Figure 6I Localization of H2O2 accumulation in response to salinity. Staining of Arabidopsis leaves with an H2O2-specific BES- H2O2-Ac probe for intracellular hydrogen peroxide detection was carried out as described in Materials and Methods. Detection of BES- H2O2-Ac fluorescence is shown in false green and auto-fluorescence of chlorophyll is depicted in false magenta. The panel consists of images of leaves from control conditions (A–D); 30 min of 250 mM NaCl applied to roots (E–H); 3 days of 150 mM NaCl applied to roots (I–L); 30 min of 150 mM NaCl applied directly to leaves (M–P); 30 min of 250 mM NaCl applied directly to leaves (Q–T). Scale bars: 100 μm in the first two columns and 10 μm in the last three columns. Images were made as a single scan in the first two columns, in the remaining columns merged projections from 14-25 individual optical slices are presented. Six to eight leaves from different plants and from independent biological treatments were observed for each treatment. Images from multiple optical sections were collected from each leaf. The panel shows representative images.
It has been previously shown that in leaves exposed to MV, different ROS are accumulated, among them hydrogen peroxide (Bulgakov et al., 2012; Cui et al., 2019; Wang et al., 2019). Although, the sites of its accumulation are not well documented. Thus, for monitoring of paraquat-triggered H2O2 accumulation in leaf cells, plants grown in soil were sprayed with 50 µM MV and incubated on light for 2 to 7 h, and stained with BES-H2O2-Ac. The H2O2 accumulation was observed mainly in the cytoplasm and nucleus but not in chloroplasts in both, control and MV-treated leaves (Figure 6II). This indicates that in response to MV H2O2 accumulates in leaf cells in the same cellular compartments/organelles as during normal growth, but must probably to higher concentrations. Alternatively, hydrogen peroxide accumulation in some cellular spaces/organelles may be very weak and beyond our detection range, since Ugalde et al. (2021) reported MV-dependent H2O2 formation in chloroplasts. This problem needs further detailed investigation and application of more sophisticated methods.
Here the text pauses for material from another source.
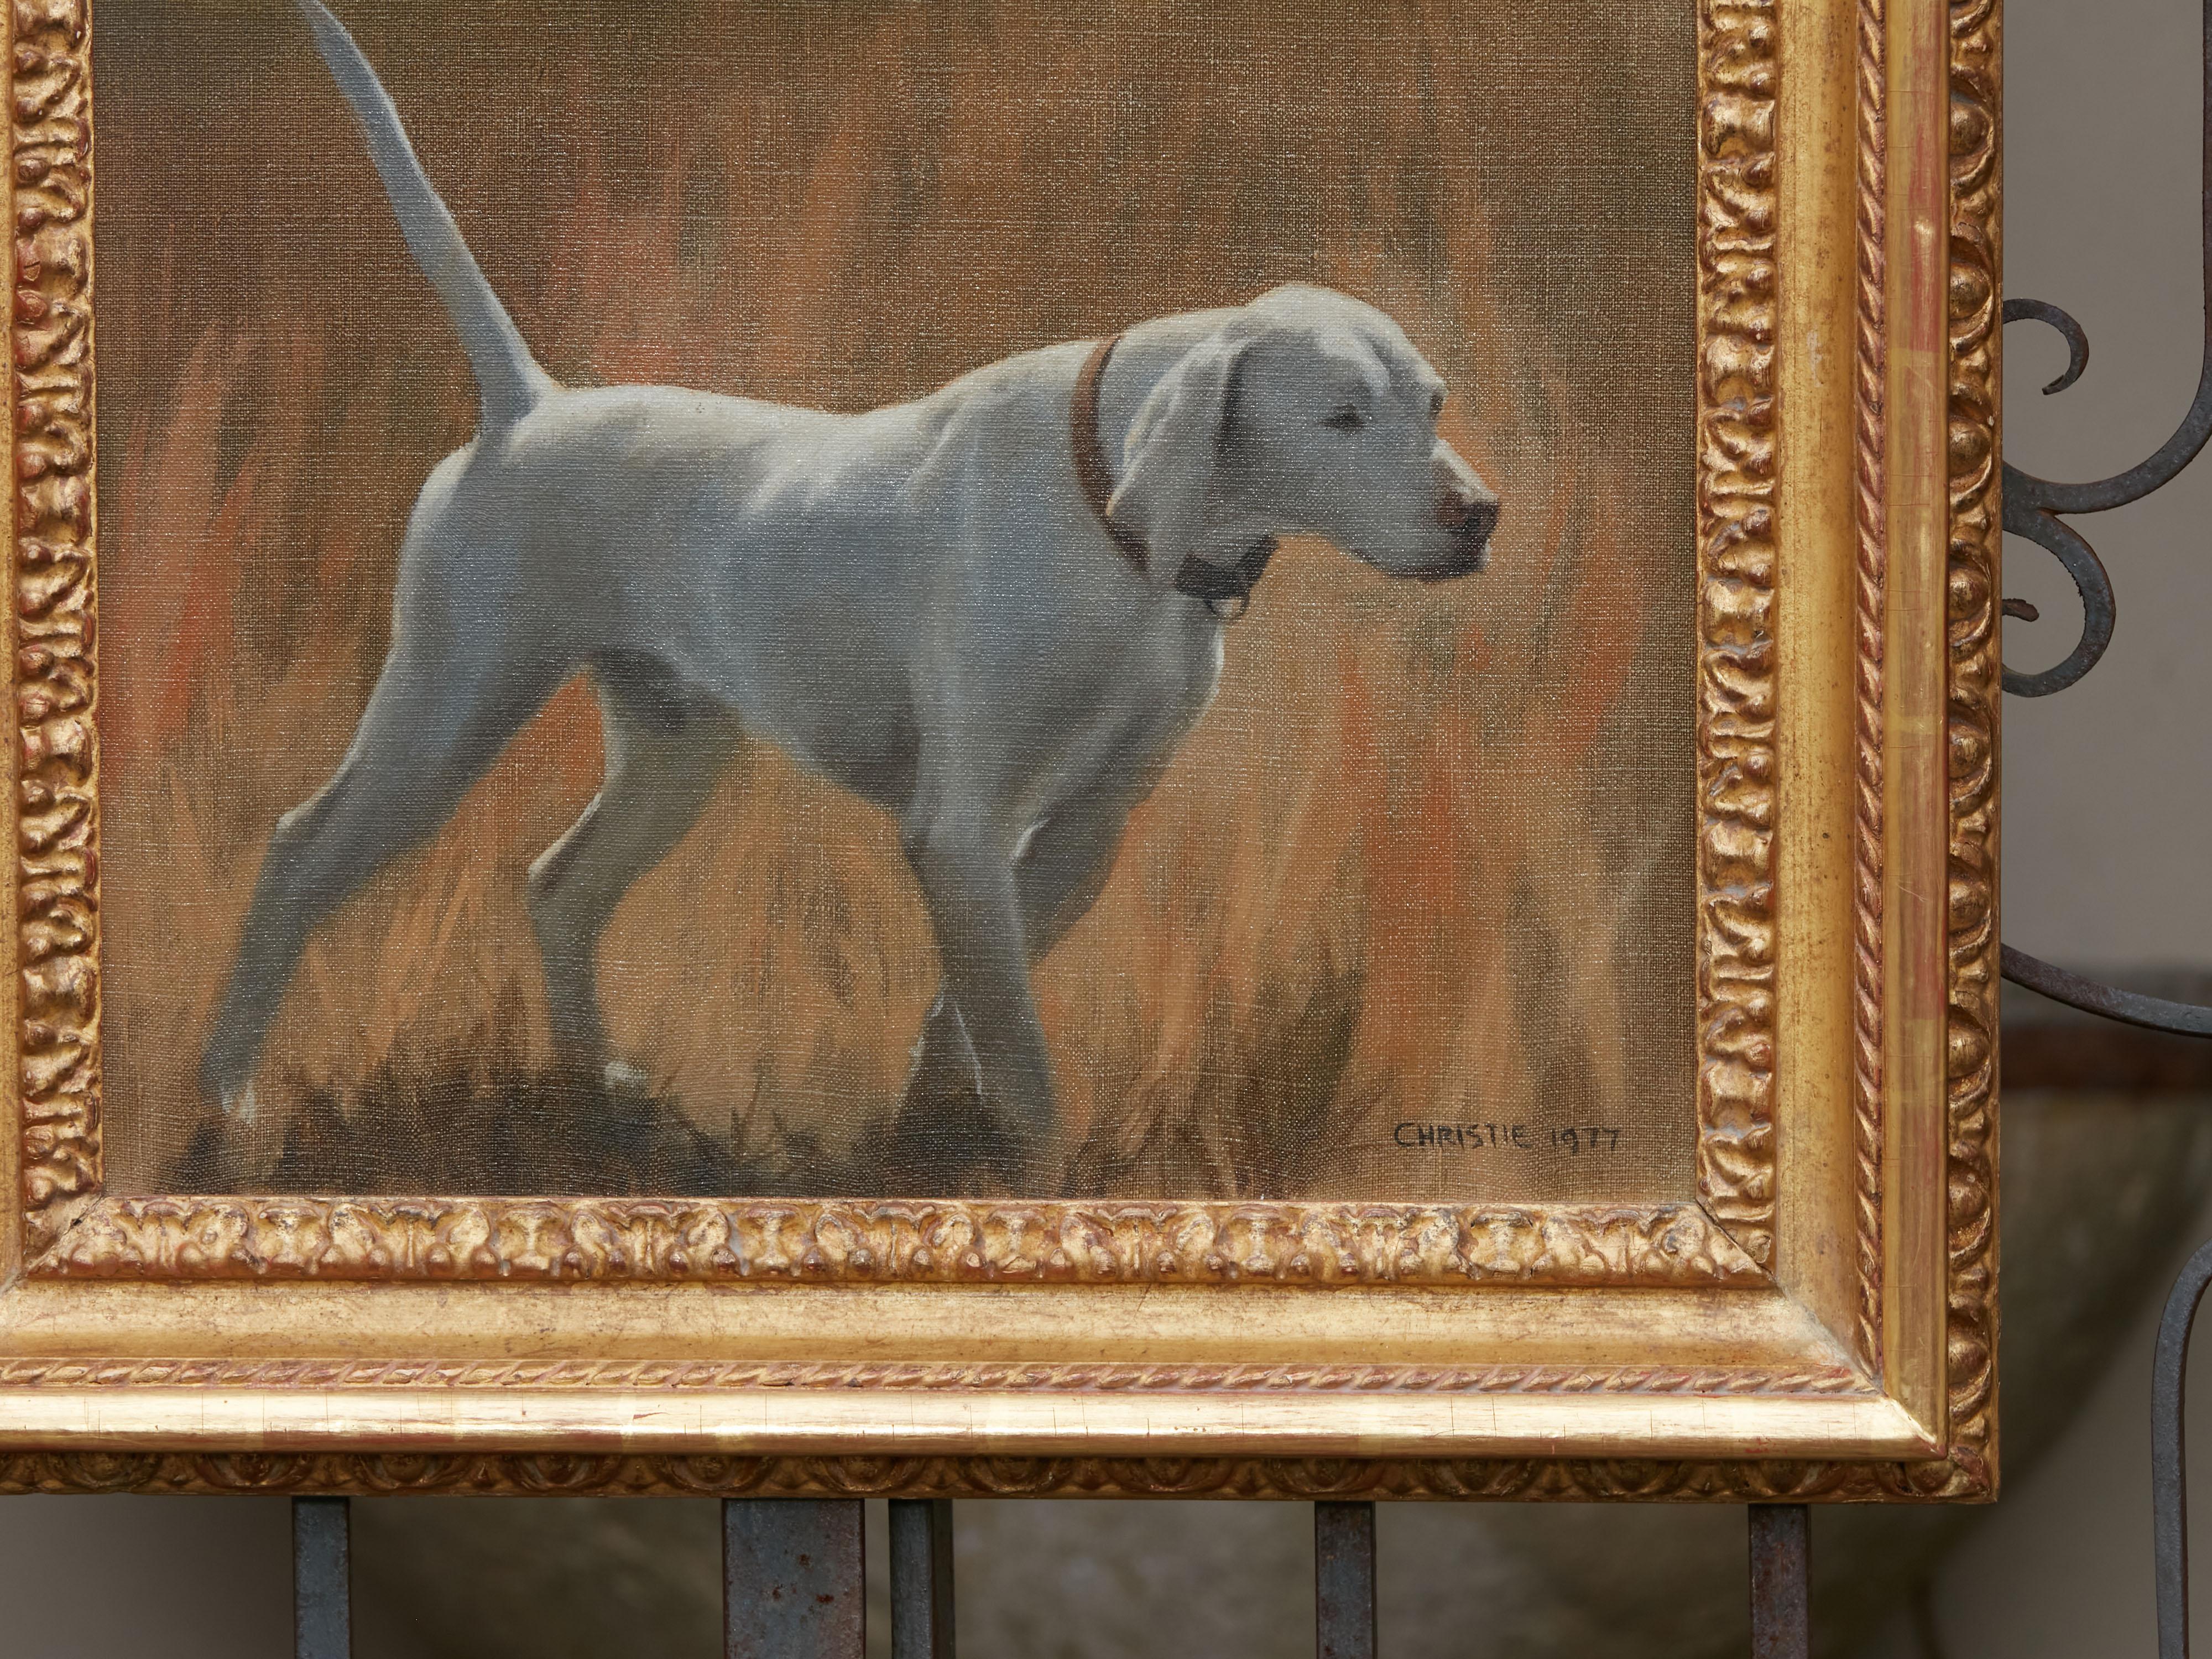 Hand-Painted Oil on Canvas Painting of a Sporting Dog in Giltwood Frame, Signed Christie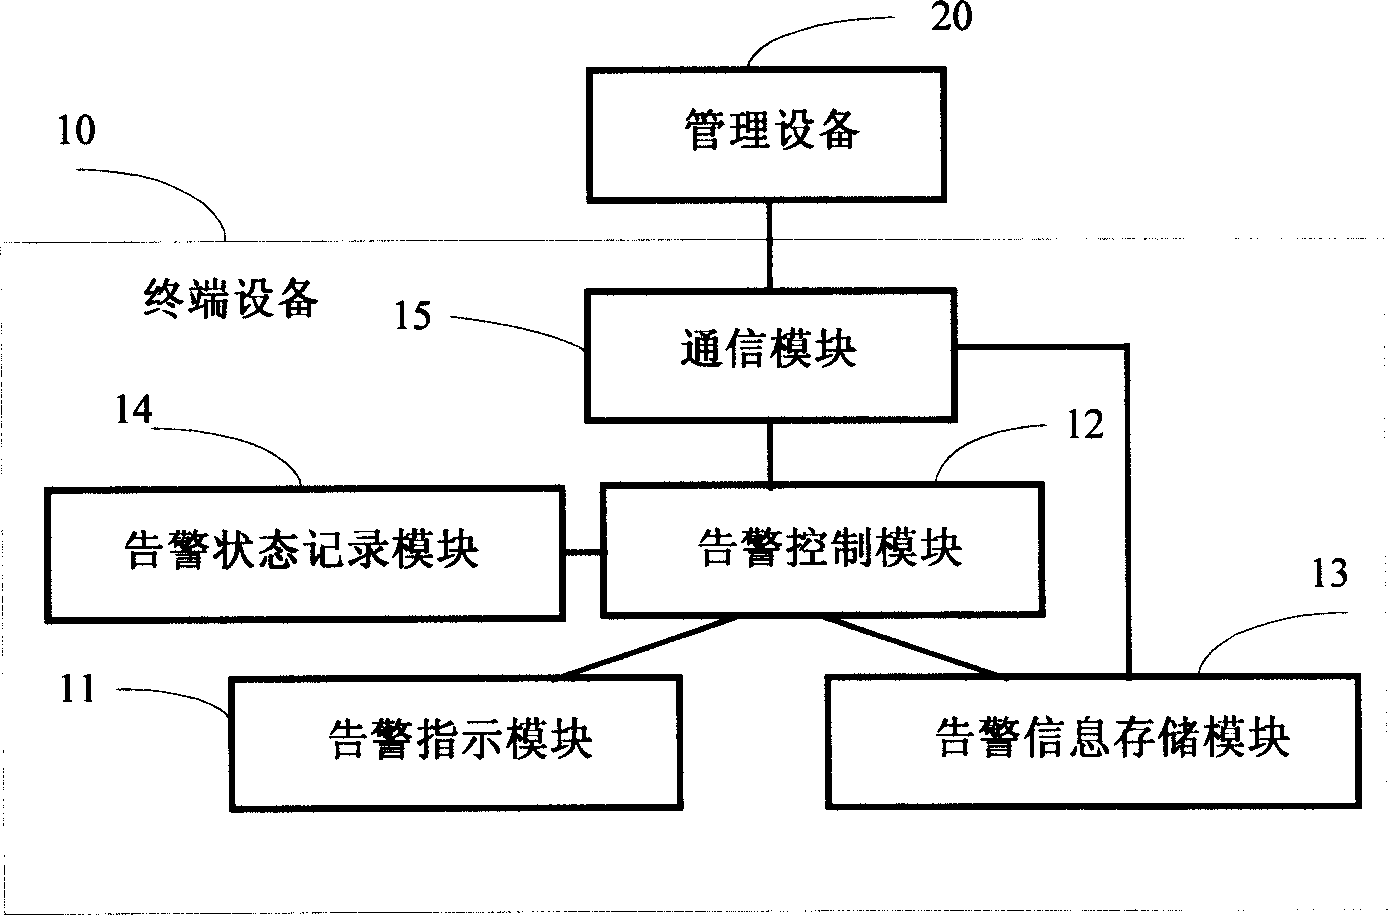 Method and system for realizing alarm of telecommunication network

Figure 6II Localization of H2O2 accumulation in response to salinity. Staining of Arabidopsis leaves with an H2O2 -specific BES- H2O2-Ac probe for intracellular hydrogen peroxide detection was carried out as described in Materials and Methods. Detection of BES- H2O2 -Ac fluorescence is shown in false green. All figure captions correspond to the description of Figure 6I.
Discussion
Monitoring the activation of stress-responsive kinases upon different environmental stimuli and/or the induction of their expression is the first step toward identifying their involvement in the regulation of plant responses to particular conditions. In most cases, a signal must be perceived by specific receptors to initiate a highly structured sequence of down-stream events in which the information is transduced through a branched network of intracellular pathways leading to the final response. The transfer of information about a stress is a non-linear and extremely complex process resembling an extensive root system in structure (Sewelam et al., 2016). One of the key signaling second messengers in the cell are ROS, particularly hydrogen peroxide. Several H2O2-induced protein kinases have been identified, such as MITOGEN-ACTIVATED PROTEIN KINASE 6, CALCIUM-DEPENDENT PROTEIN KINASE 5 and OXIDATIVE SIGNAL-INDUCIBLE 1 (OXI1) (Rentel et al., 2004; Wang et al., 2010; Dubiella et al., 2013). Furthermore, H2O2-dependent oxidation of specific thiol groups in type 2C protein phosphatase HYPERSENSITIVE TO ABA 1 (HAB1) inhibits its catalytic activity and the ability to interact with SnRK2.6, an ABA-activated SnRK2. This, in turn, allows auto-phosphorylation and auto-activation of SnRK2.6 and phosphorylation of its downstream targets located mainly in guard cells (Sridharamurthy et al., 2014). In our laboratory, Nicotiana tabacum OSMOTIC STRESS-ACTIVATED PROTEIN KINASE (NtOSAK) has been identified as a hydrogen peroxide-activated kinase, activated also by cadmium ions in an H2O2-dependent manner (Kulik et al., 2012). NtOSAK belongs to ABA non-activated SnRK2s and is closely related to SnRK2.4 and SnRK2.10 from Arabidopsis (Kulik et al., 2011). In this study, we showed that SnRK2.10, like NtOSAK, is activated by hydrogen peroxide. Moreover, the kinase alters the expression of four H2O2-responsive WRKY genes. The phosphorylation of SnRK2.10 is an element of early response to salinity and H2O2 which has been indicated by several studies including a large-scale phosphoproteomic study (Chen and Hoehenwarter, 2015). The question of whether SnRK2.10 is activated during salinity in an H2O2–dependent manner remains open for further investigation.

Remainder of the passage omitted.